La résolution S-38/1 condamne toutes les formes d’ingérence extérieure alimentant le conflit et rappelle à toutes les parties et aux acteurs extérieurs – États et autres – facilitant le transfert d’armes et d’équipements militaires au Darfour leur obligation de respecter et de mettre en œuvre l’embargo sur les armes imposé au Darfour par la résolution 1556 (2004) du Conseil de sécurité et les résolutions ultérieures.
La résolution demande à la Mission internationale indépendante d’établissement des faits pour le Soudan d’enquêter d’urgence sur les violations du droit international humanitaire et du droit international des droits de l’homme commises à El-Fasher et dans ses environs, et d’identifier les personnes raisonnablement soupçonnées d’en être responsables.

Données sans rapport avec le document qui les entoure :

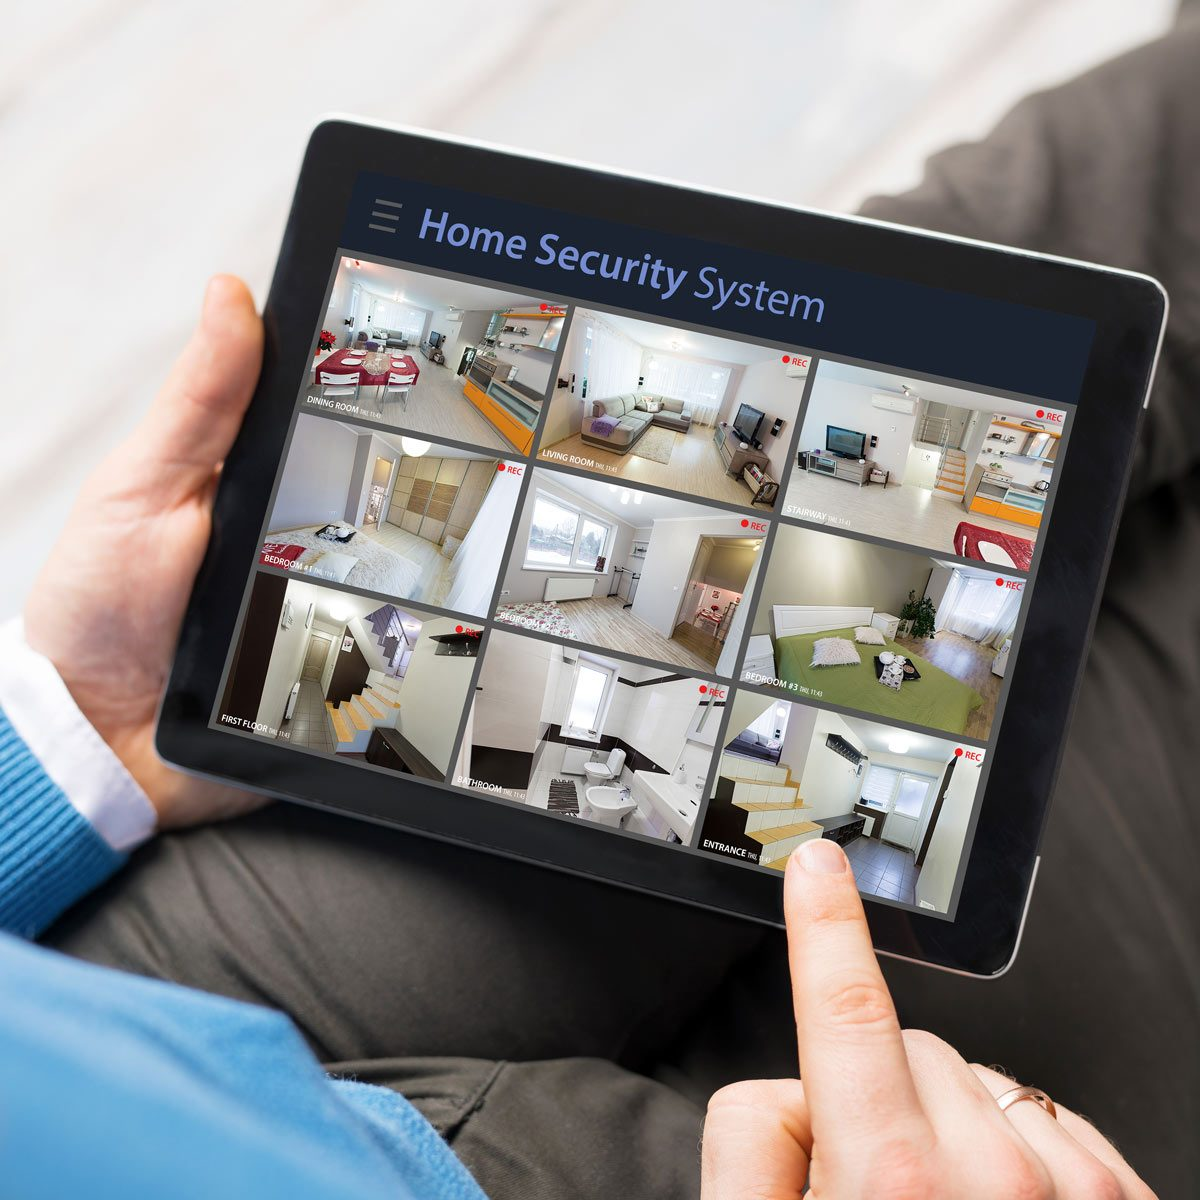 security camera system footage app

La mission devrait présenter ses conclusions à la 61e session du Conseil des droits de l’homme (23 février-31 mars 2026), dans le cadre d’un dialogue interactif renforcé entre le Haut-Commissaire et l’Expert des droits de l’homme sur le Soudan.
La voie à suivre
À l'approche du dialogue interactif du 9 février, la pression internationale s'accentue pour exiger des mesures concrètes, au-delà des simples condamnations. La résolution du Conseil des droits de l'homme souligne qu'il n'existe pas de solution militaire à la crise soudanaise et réitère son appel à un cessez-le-feu immédiat et global entre toutes les parties, sans conditions préalables.
Le texte exige la mise en place d'un mécanisme indépendant de surveillance du respect du cessez-le-feu, la réhabilitation des infrastructures critiques, un règlement négocié et pacifique fondé sur un dialogue inclusif mené par les Soudanais et impliquant activement les acteurs de la société civile, notamment les femmes et les jeunes, ainsi que le lancement d'un processus de transition politique crédible et inclusif aboutissant à un gouvernement démocratiquement élu à l'issue d'une période de transition dirigée par des civils.

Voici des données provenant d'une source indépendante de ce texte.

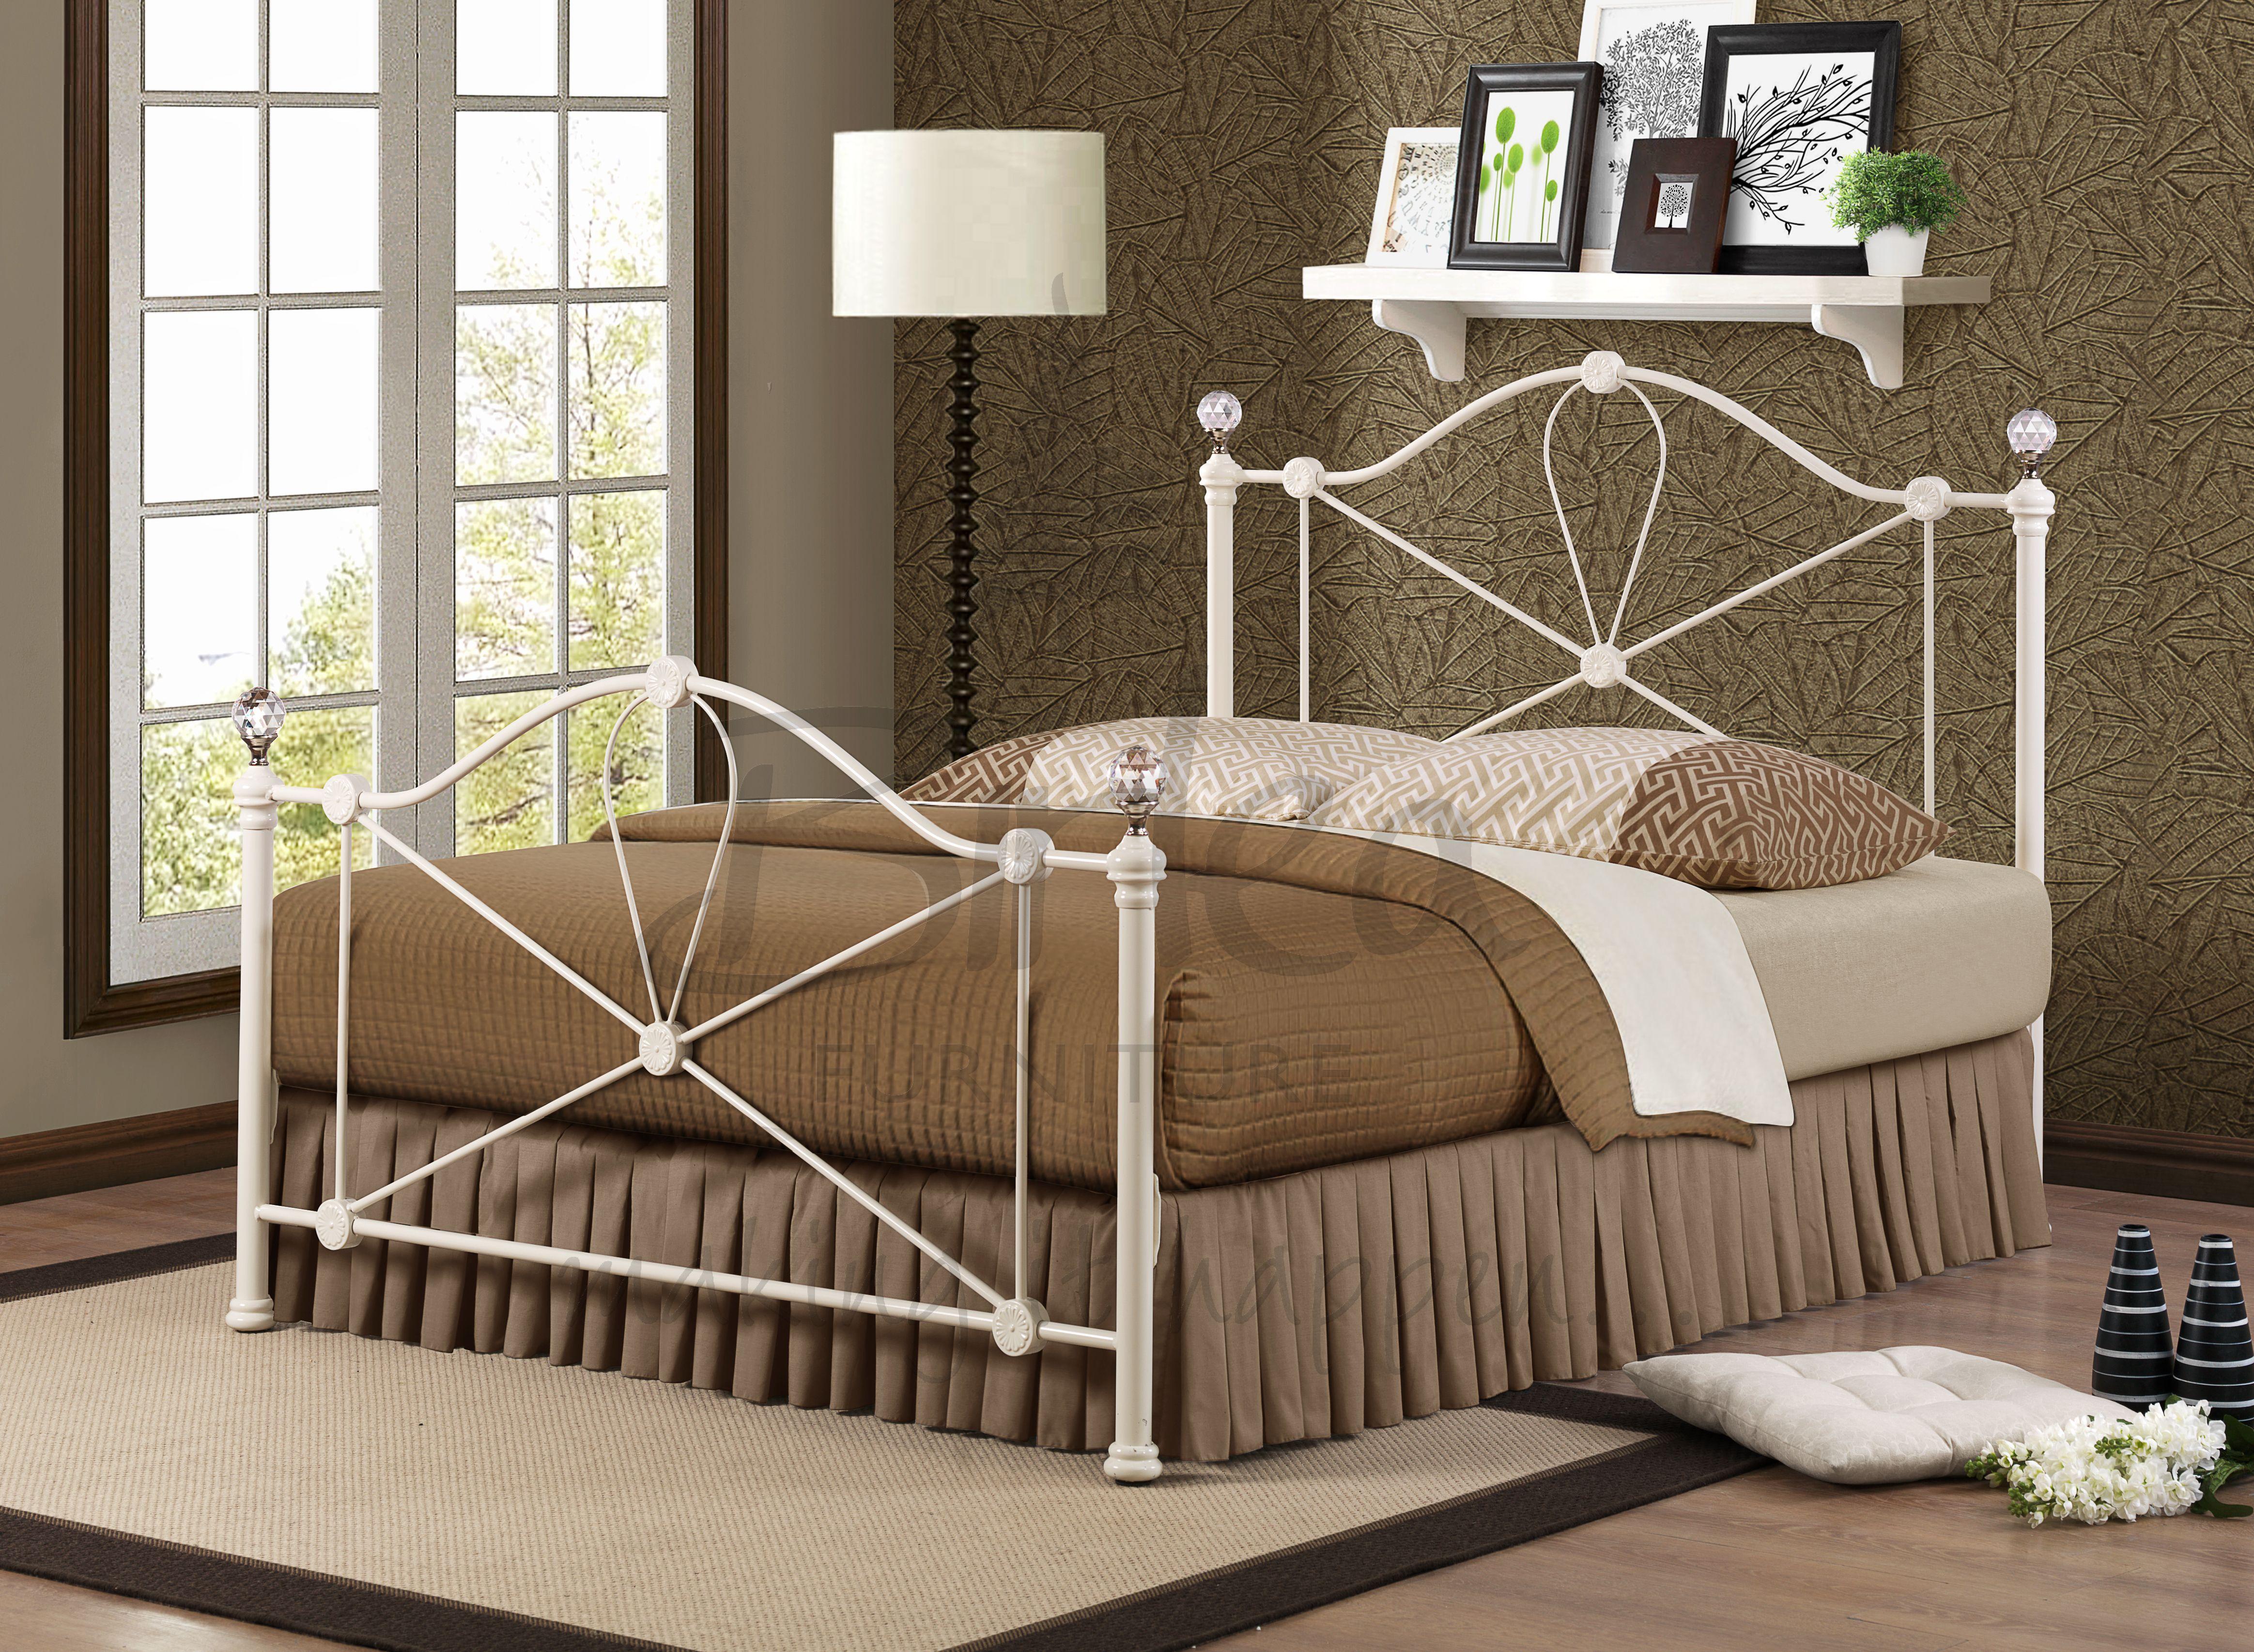 modern metal bed frames b5p0SL7F

Tom Fletcher, chef des affaires humanitaires de l'ONU, a déclaré au Conseil de sécurité le 31 octobre : « Nous n’entendons pas les cris, mais – alors que nous sommes réunis ici – l’horreur continue. »
Pour les millions de Soudanais confrontés à ce que l'ONU qualifie de plus grande crise humanitaire au monde, la question est de savoir si l'attention internationale se traduira par des actions concrètes pour stopper l'afflux d'armes et de ressources qui alimentent le conflit, ou si le schéma des condamnations sans conséquences se poursuivra tandis que les atrocités se multiplieront.

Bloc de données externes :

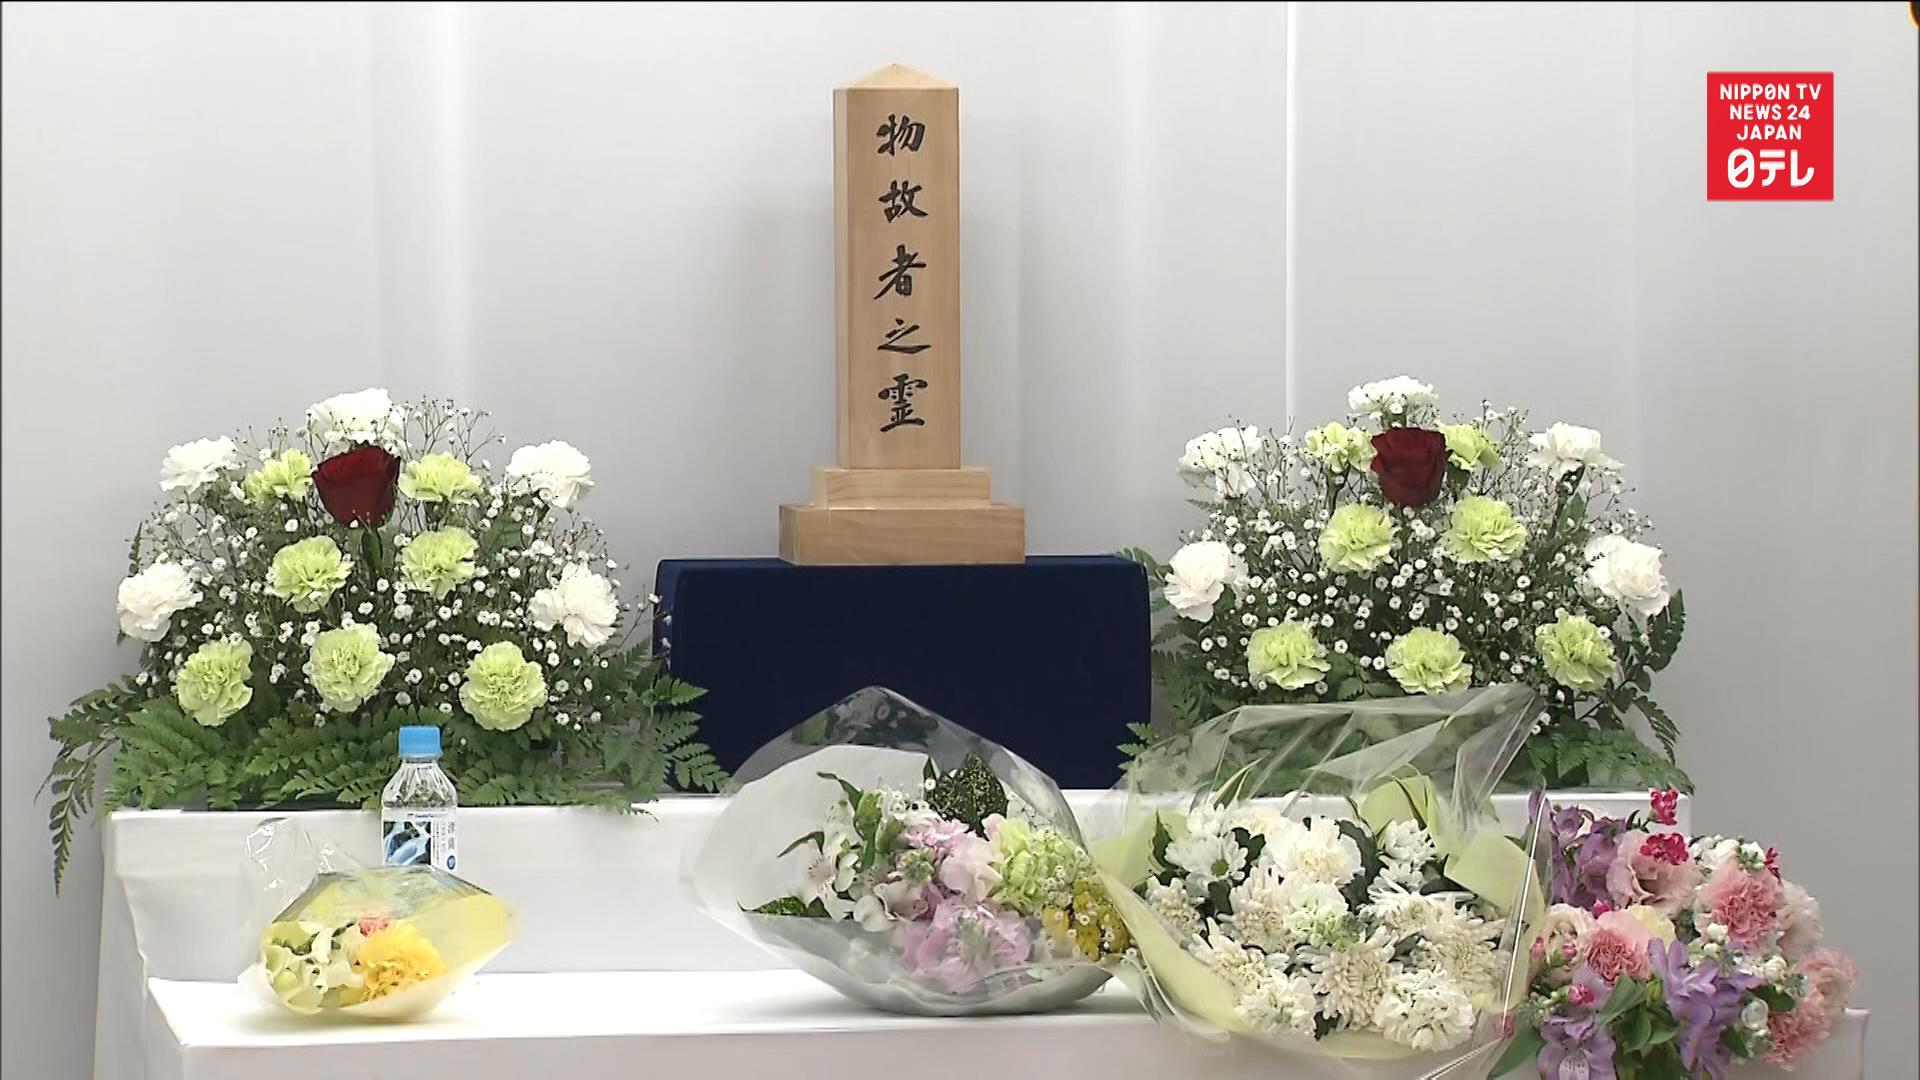 25 years since sarin terror attacks in Tokyo

L’affaire de la gomme arabique illustre comment le commerce mondial peut se trouver mêlé à la violence lorsque les mécanismes de contrôle font défaut. Comme le conclut le rapport de PAX : « …La communauté internationale, y compris les entreprises, doit agir pour s'assurer que les échanges commerciaux actuels ne continuent pas de financer les efforts de guerre des RSF ou les violences génocidaires.
La session du 9 février offre à la communauté internationale l'occasion de démontrer que la responsabilité pour les atrocités de masse ne se limite pas à de vaines paroles. Les survivants fuyant El-Fasher, les civils pris au piège dans les villes assiégées du Kordofan et les millions de personnes déplacées par la guerre au Soudan attendent de voir si les paroles seront enfin suivies d'actes.